In the end, Alistair’s friend, a fair-skinned Chinese-Indian woman, managed to book the homestay for their group.

“I just wanted to test the theory,” said Yasmeeta Oon Vishnugopal, 23, a business development executive. “I’m half Chinese and half Indian, so I used a picture of me in cheongsam as my profile photo on Airbnb… I got the booking.

“I’m not sure if it has anything to do with my gender but the host was nice to me. We’re in 2023 and if you’re still looking at race when deciding to allow people to book your unit, you might as well not be a host,” she added.

The rental discrimination extends to other races as well. Africans, Bangladeshis and Pakistanis are among those who face difficulty in seeking a place to rent. Other races may also find themselves in the same predicament when dealing with owners of different descents. 

Set up a tenancy tribunal

Home Buyer Association president Chang Kim Loong said that while the RTA in its current form does try to cover perceived racist preferences on potential tenants, it should not include this issue.

“Rental is a private commercial arrangement between willing tenant and willing landlord; the government should not interfere,” he said on the HBA Youtube channel.

“Every house owner must have the right to choose who they want to rent to,” he added, echoing many landlord concerns.

However, it is important to protect the rights of both landlords and tenants, as well as control basic tenancy practices. As a solution, Chang suggested an alternative to the current law courts.

“There should be a quasi-court in the form of a tenancy tribunal for trivial disputes. The tribunal should be tailored for a speedy, cheap and simple dispute resolution,” he said.
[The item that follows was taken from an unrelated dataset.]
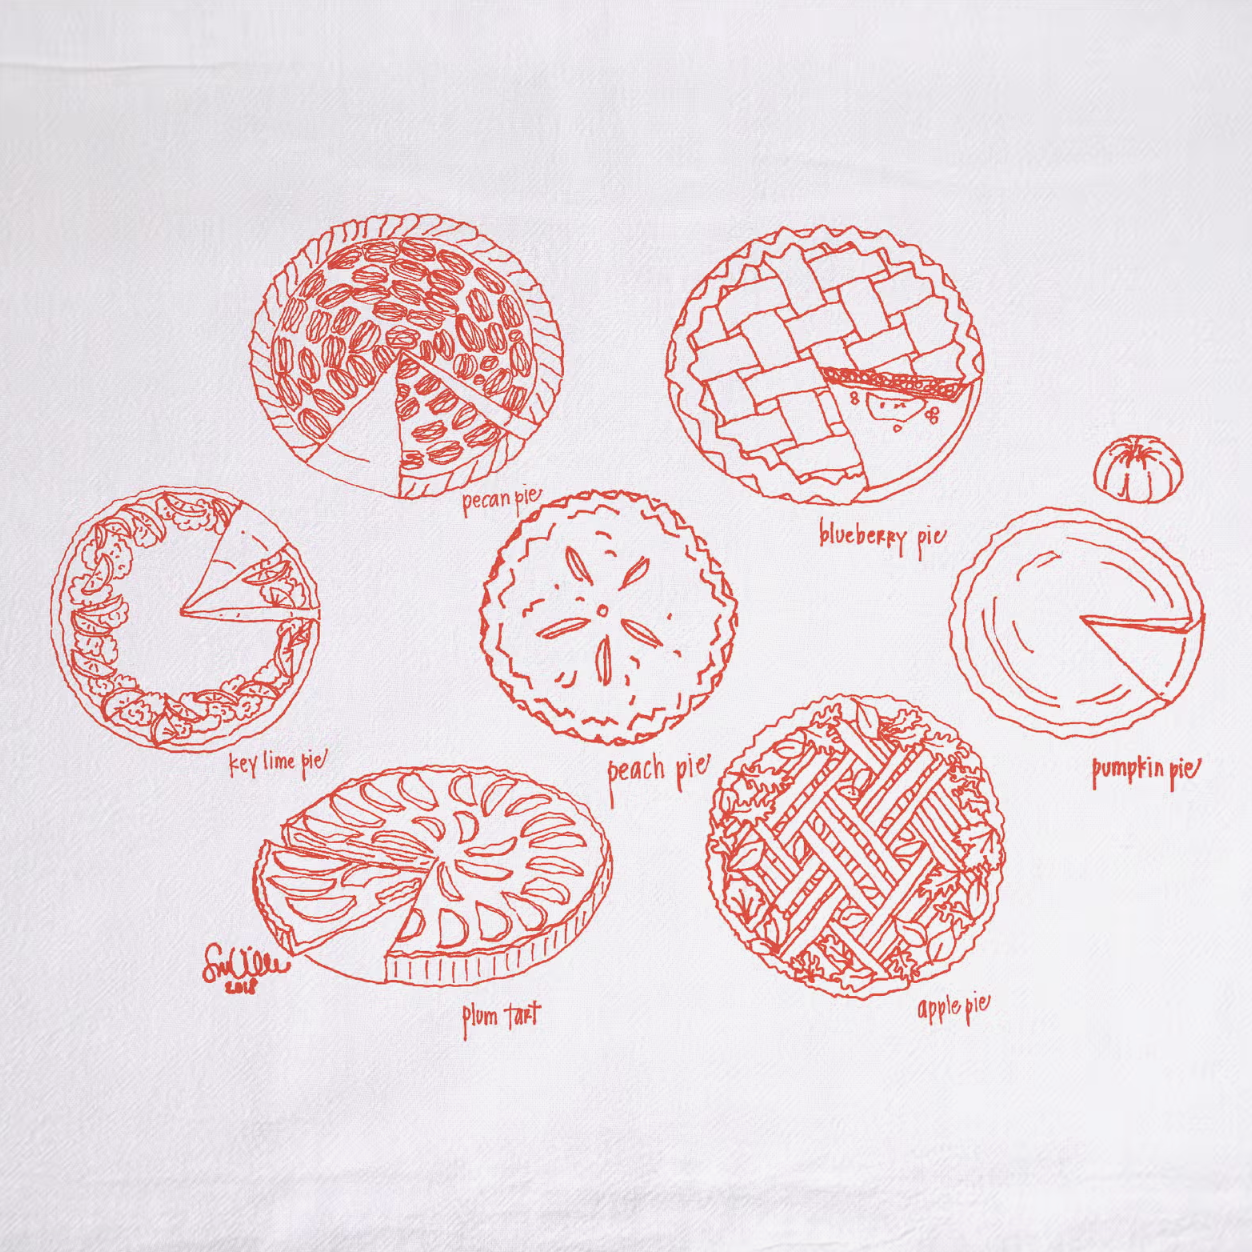 Pie drawings on tea towel
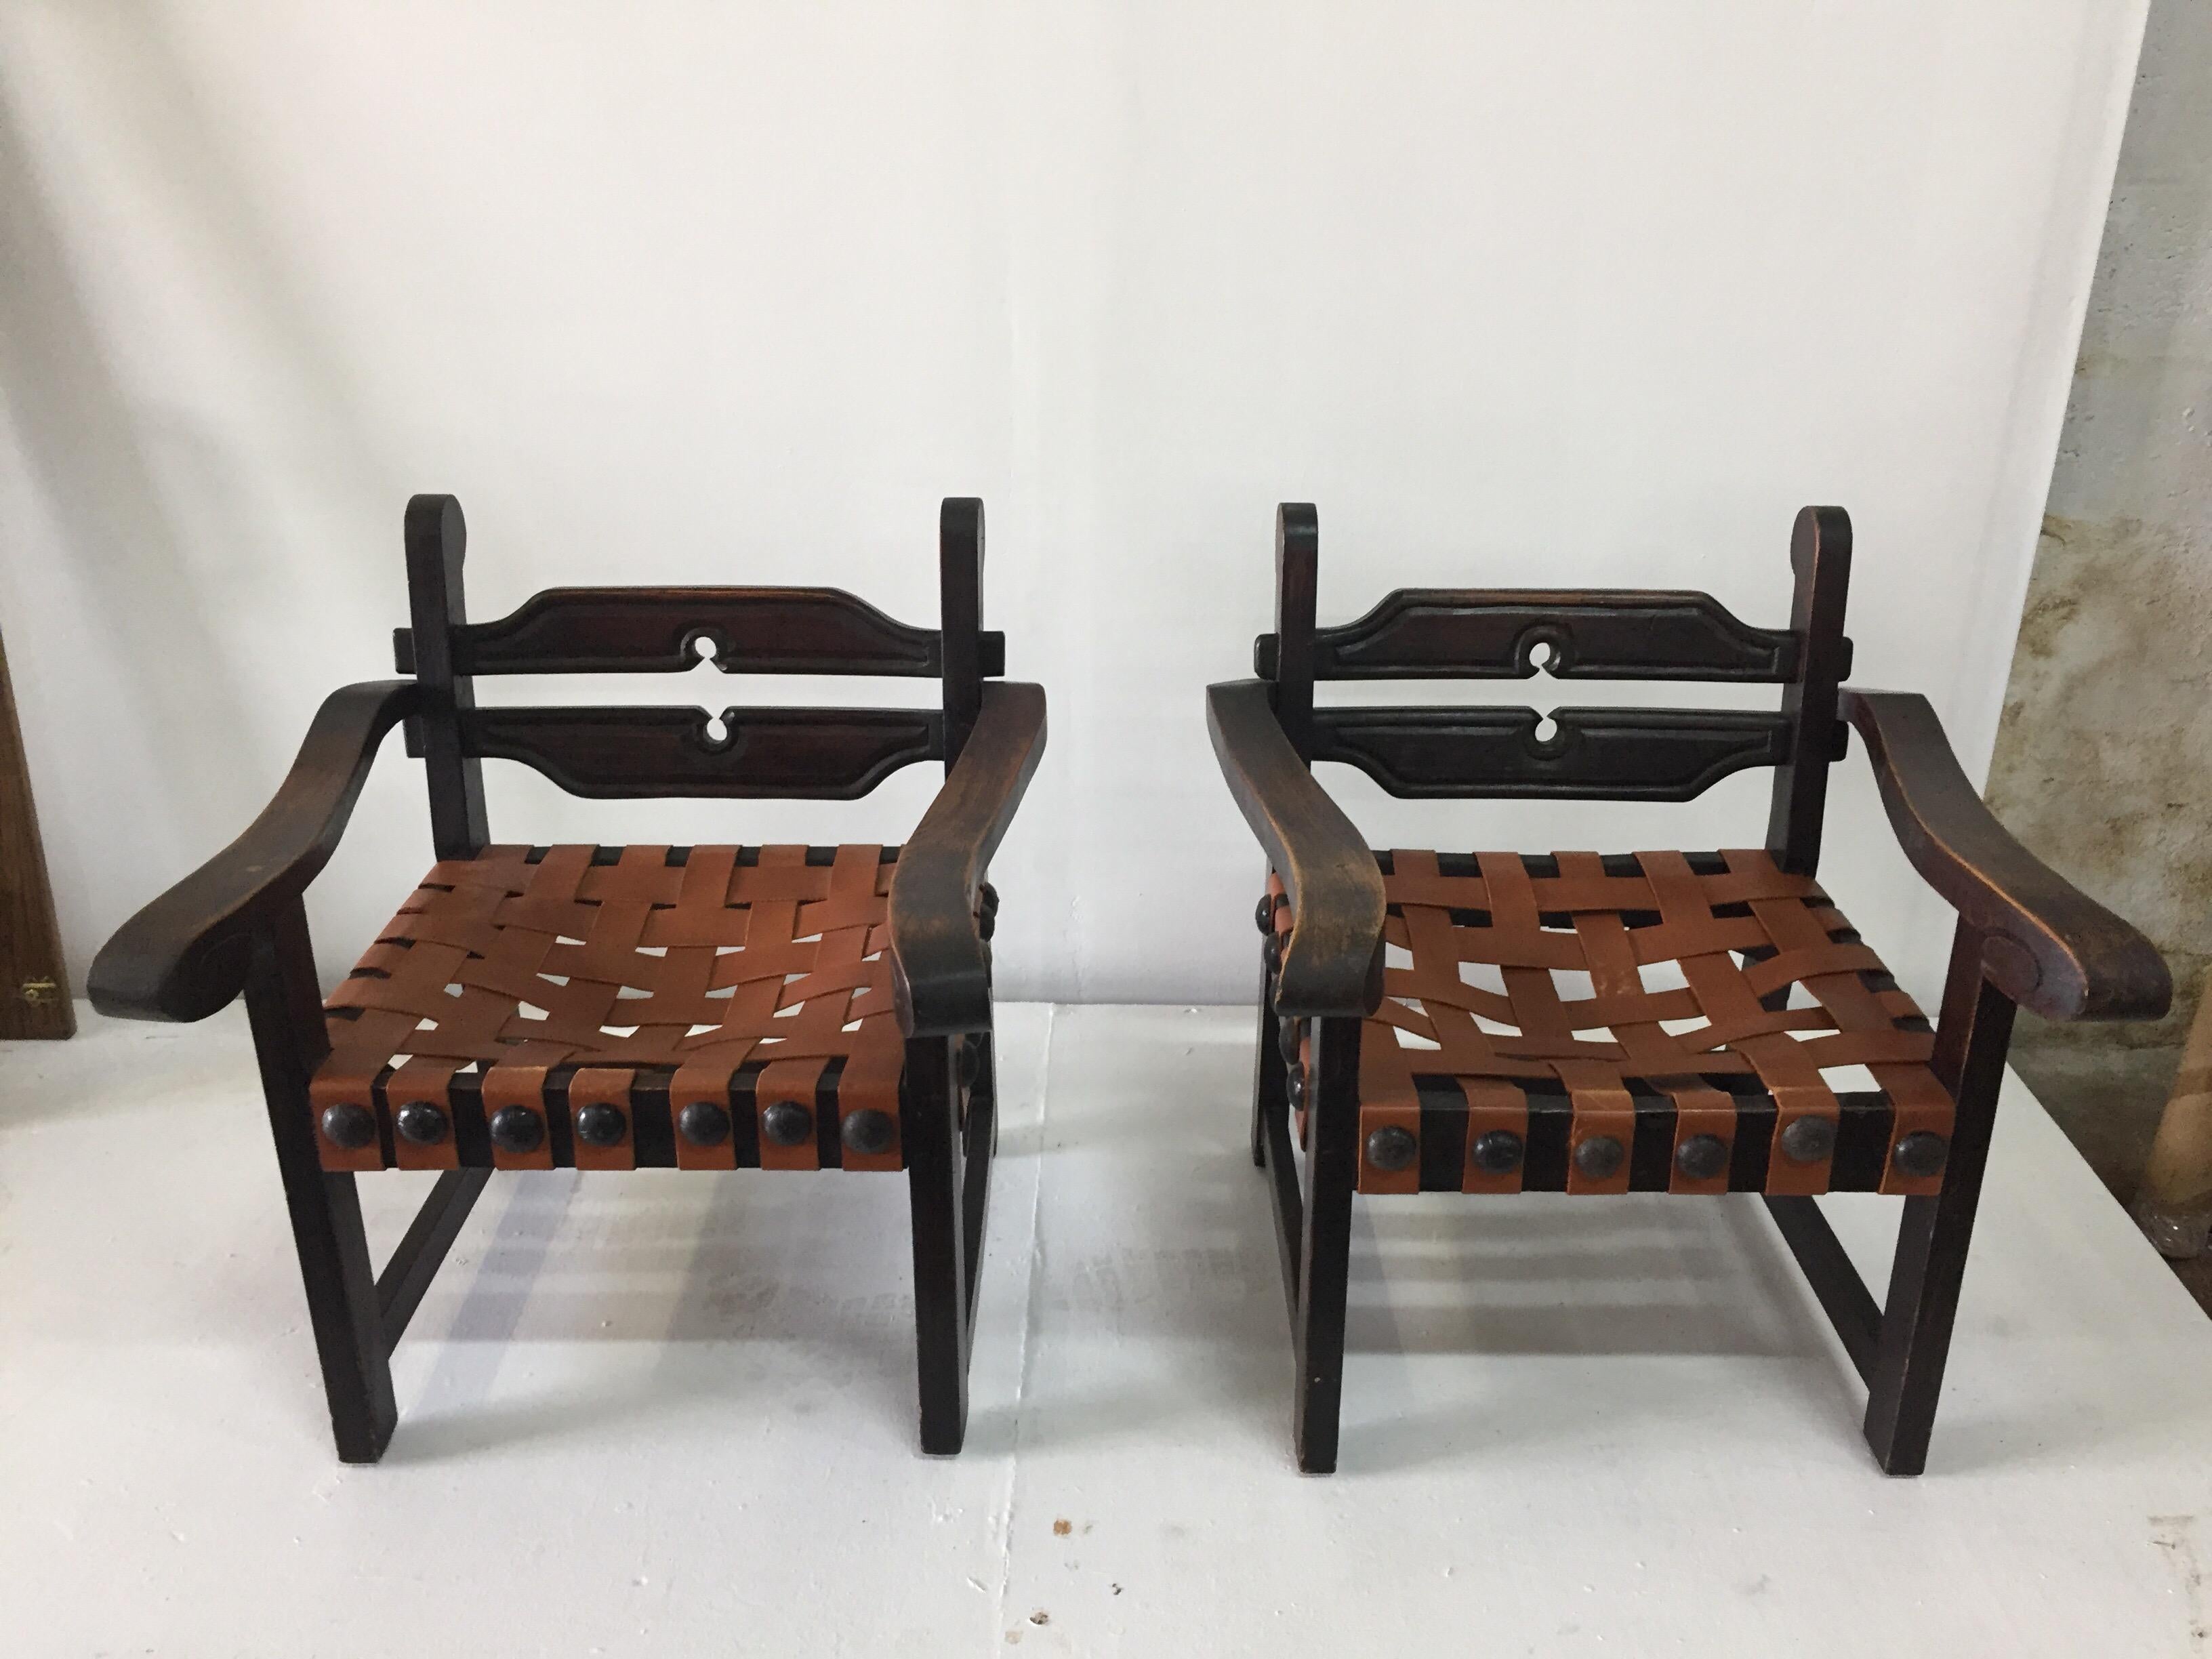 Dies ist ein wunderschönes authentisches Stuhlpaar des Künstlers und Silberschmieds William Spratling, das in den 40er Jahren in seiner Werkstatt in Taxco hergestellt wurde.  Sitze aus Sabinoholz und echtem Leder, rustikale und originelle

Bukit Gasing assemblyman R. Rajiv said: “It goes beyond the discrimination issue. All tenants and landlords need easy access to justice. For landlords, it is often tenants not paying rent and so they need a quick recourse because filing a court case is lengthy, expensive and simply not practical.” 

“At the same time, the tribunal will protect tenants whenever landlords don’t keep up their end of the bargain, such as repairing faulty electrical equipment or a leaking roof,” he pointed out

Rajiv noted that the tribunal would also be able to address the problems that lead to discrimination in the rental market.

While policymakers debate the issue of reducing rental discrimination through laws, the general public is less certain. Both Alistair and Pingaleyen reckon that the root cause of this problem is people believing in stereotypes from young.

From his findings, higher-priced properties are less likely to have discriminatory conditions, leading Pingaleyen to conclude that the lower the price of a property, the higher the demand for it. 

He explained that when he published the analysis, he was not fighting the landlord’s right of choice. “Many people attacked me because they thought I was questioning their right to do whatever they wanted to their property.

“What I’m fighting is the negative and harmful stereotypes that will hurt a particular community. The solution is on a deeper and more personal level, not by enacting a policy. At most, it’s a stepping stone,” he said.

On the other hand, why would anyone want to rent a place that belongs to someone who judges a person’s skin colour? Perhaps when we celebrate the 61st Malaysia Day, we will be closer to a more equitable rental market that provides homes for all — regardless of race.